Beginning with the line that contains "Contact page design of TrophyLand website", reproduce the remaining lines of the material exactly, up to and including the last one, but no pictures.

Supplied data:
Content starts

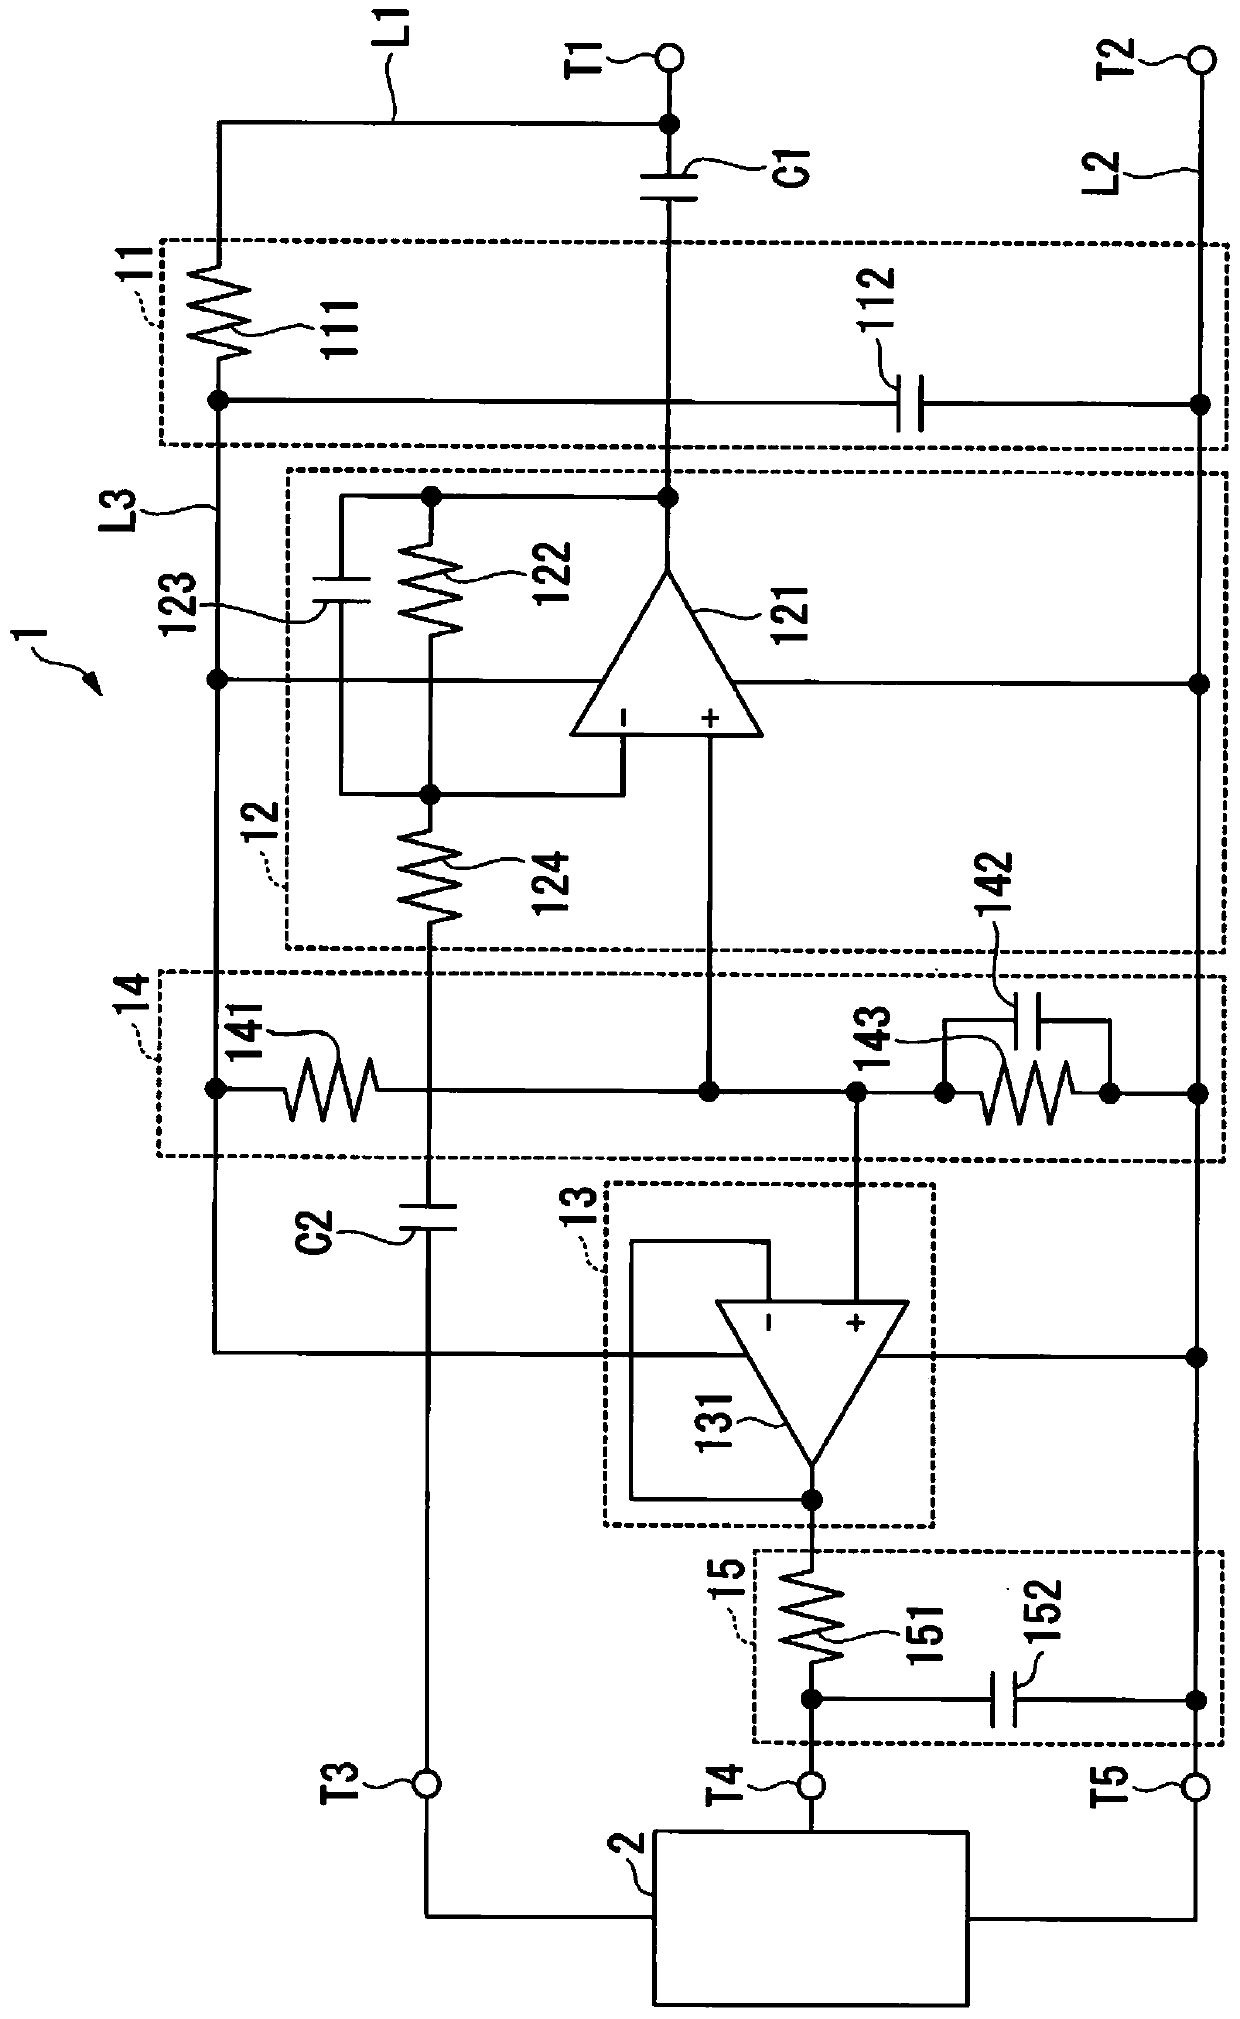 Signal transmission circuit and signal transmission method
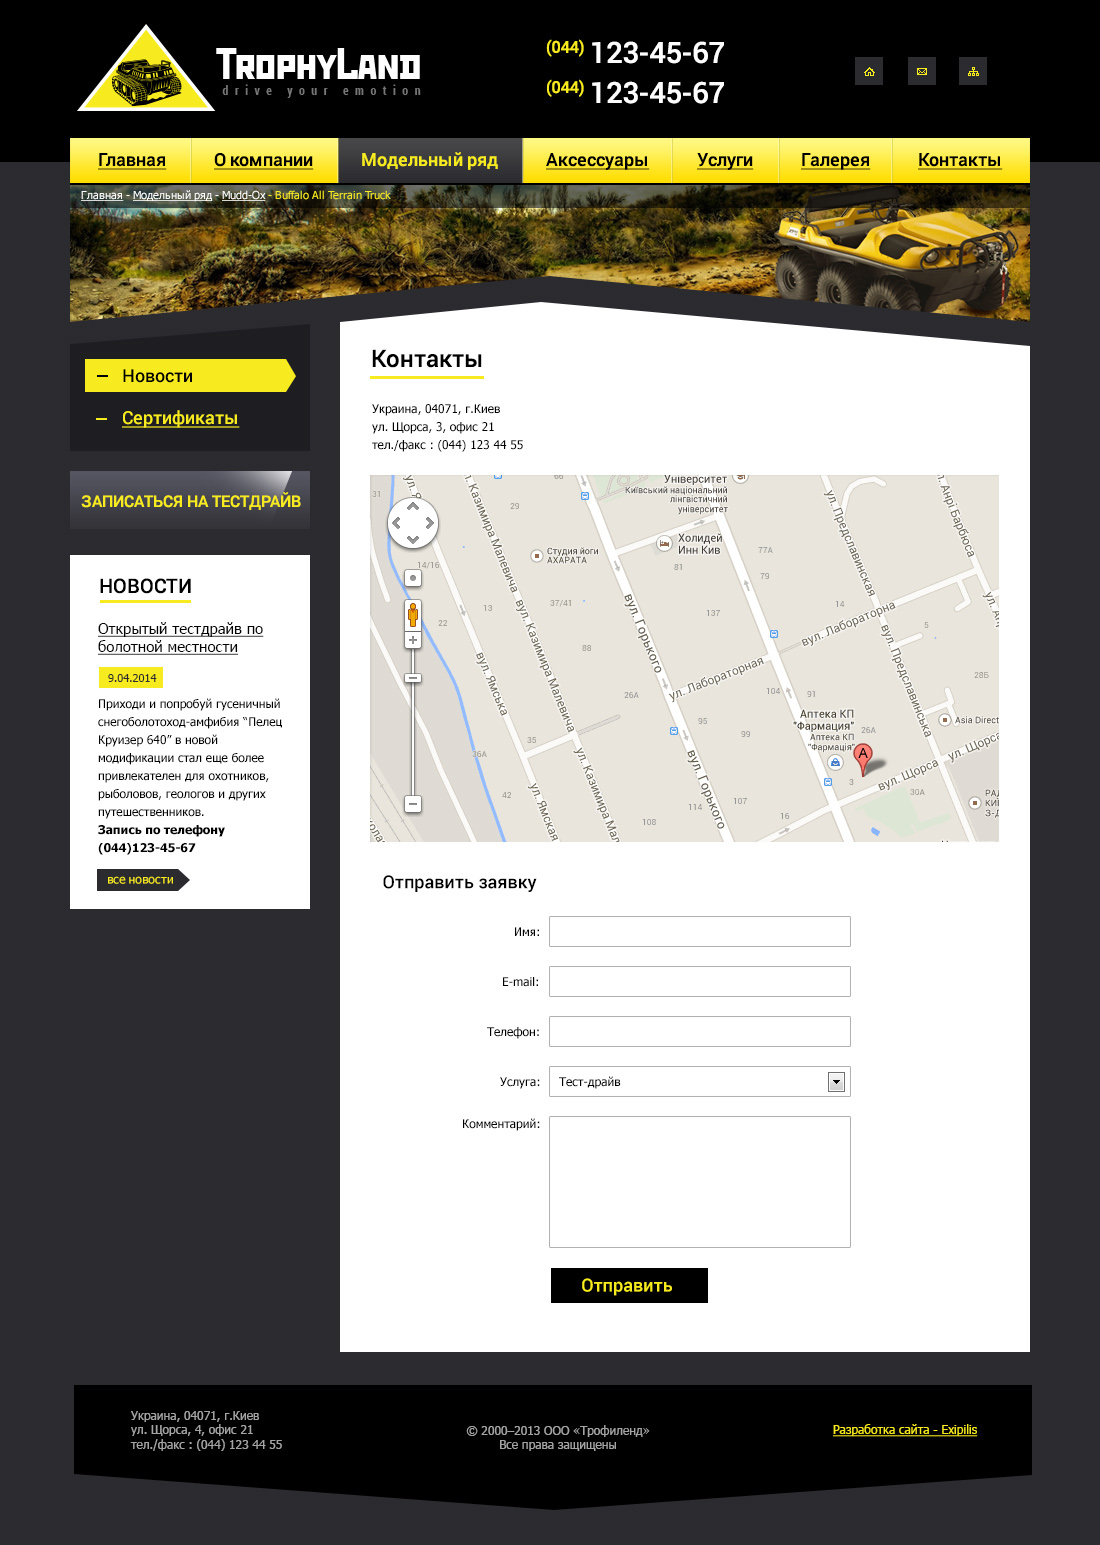 Contact page design of TrophyLand website
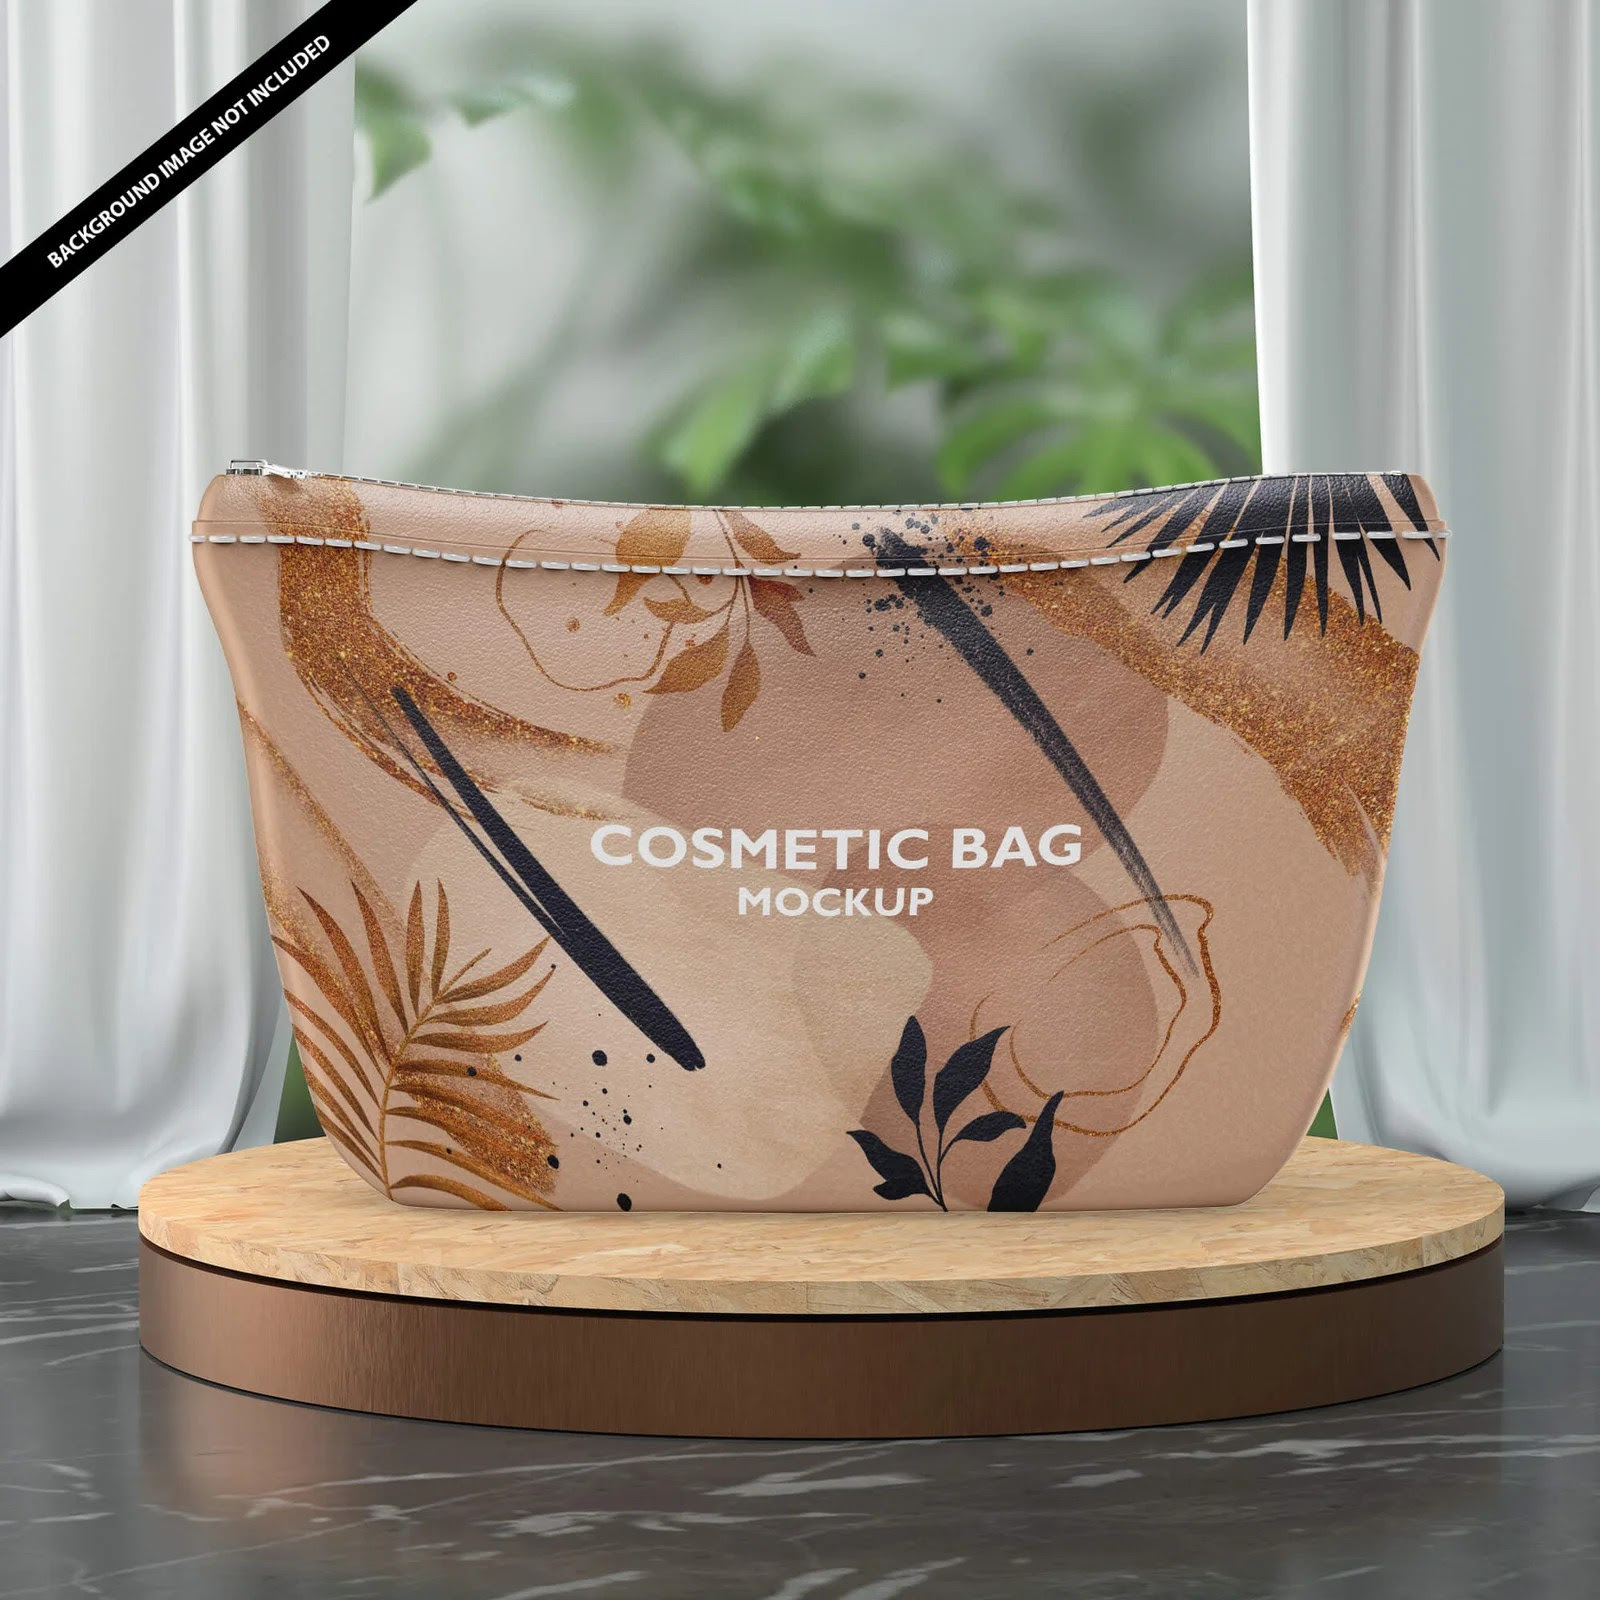 Free Cosmetic Bag Mockup PSD Template Mockup Den

Content ends

Exercise answer:
 Contact page design of TrophyLand website
 Free Cosmetic Bag Mockup PSD Template Mockup Den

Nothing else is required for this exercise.